The May Scale of Money Hardness and BitCoin

Published March 7th, 2012 edit replace rm!

Updated 4/21/2016: Updating this as this is also now affecting the Gift Card industry. Added crypto currencies in general. Moved hosted crypto currency wallets like Coinbase and UpHold up to a 3 since the industry has changed a lot since 2012 (No more BitInstant or Coinbase). Removed Liberty Reserve for obvious reasons and modernized it a bit.

About 15 years ago after a bunch of E-Gold exchangers lost money from fraudulent purchasers performing chargebacks Start e-gold app developer JP May published his May Scale of Money Hardness (only on wayback machine now).

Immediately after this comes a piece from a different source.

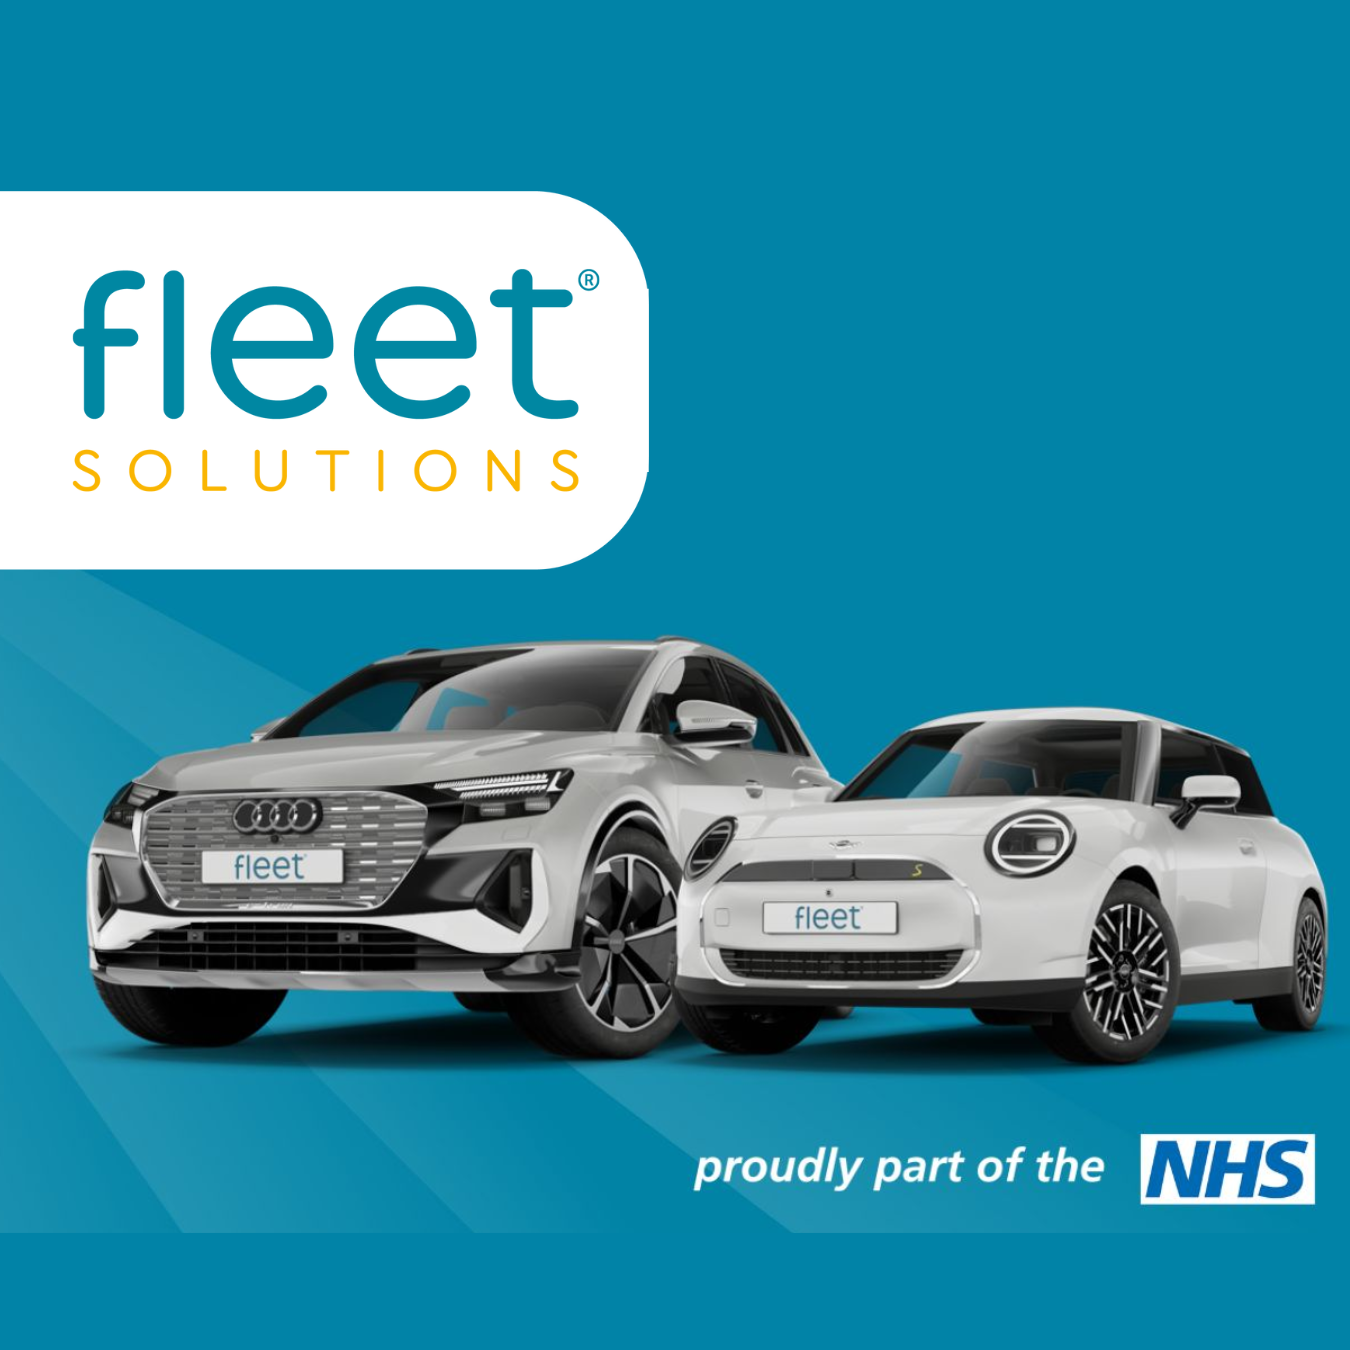 Fleet solutions promo graphic with two cars
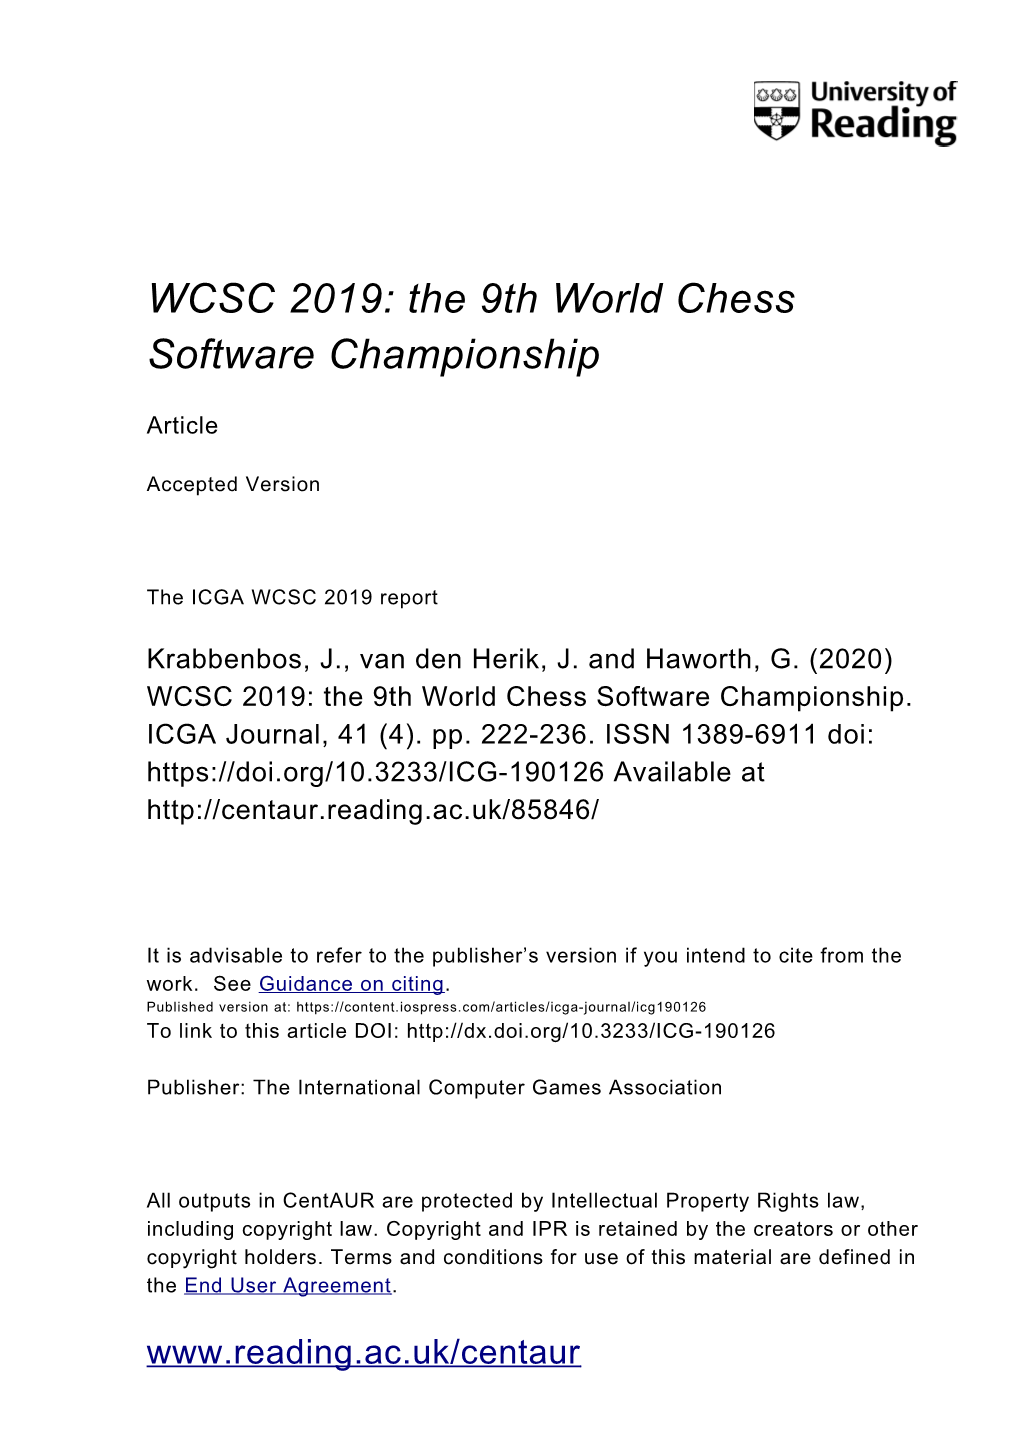 WCSC 2019: the 9Th World Chess Software Championship

The idea is that the easier it is for a payment to be reversed, the softer it is. I’m trying to update it for 2012 (now 2016) so the next generation of financial startups don’t get burnt more than they already have been and learn the lessons learnt by the e-gold community.

Original May Scale

Hardness Item
1 Street cash, US dollars
(Hard)
2 Street cash, euro currencies, japan
3 e-gold
4 Street cash, other regions
5 Interbank transfers of various sorts (wires/ACH etc), bank checks
6 personal checks
7 Consumer-level electronic account transfers (eg bPay)
8 Business-account-level retail transfer systems
(Soft)
9 Paypal and similar ‘new money’ entities, beenz
10 Credit cards
(Ridiculously soft)

Updated May Scale

Hardness Item
1 Street cash, BitCoin and other intrinsic crypto currencies like Ethereum and DASH, Gold/Silver Coins
(Hard)
2 Western Union and other money transmitters
3 Account based electronic currencies fire walled away from banking system (e.g. UpHold, CoinBase, BitGold)
4 International wires
5 bank checks
6 ACH, personal checks
7 Consumer-level electronic account transfers (eg Dwolla, AlerPay)
8 Business-account-level retail transfer systems, credit cards (brick and mortar)
(Soft)
9 Credit cards (via internet or phone)
10 PayPal
(Ridiculously soft)

updated 3/8/2012 Based on comments I moved things around a bit. Ordinary bank wires are more less reversible than ACH’s. The scale shouldn’t cover default risk only reversal risk so I’ve moved all street cash to 1. and added gold/silver coins to it. I’ve added electronic currencies like Liberty Reserve that are fire walled away from the banking system to 3. Any account based system that interfaces directly with the banking system will be in 7, so AlertPay belongs with Dwolla as their banking connections can also put undue pressure on them. I still consider Personal checks risky. At least until it clears so I’m leaving that at 6. Also see The BitCoin Wiki’s Payment Method page for alternative rating

Why do I place Dwolla above PayPal? Mainly because they exclusively use the ACH system and not the credit card system, which makes it harder for people to perform chargebacks.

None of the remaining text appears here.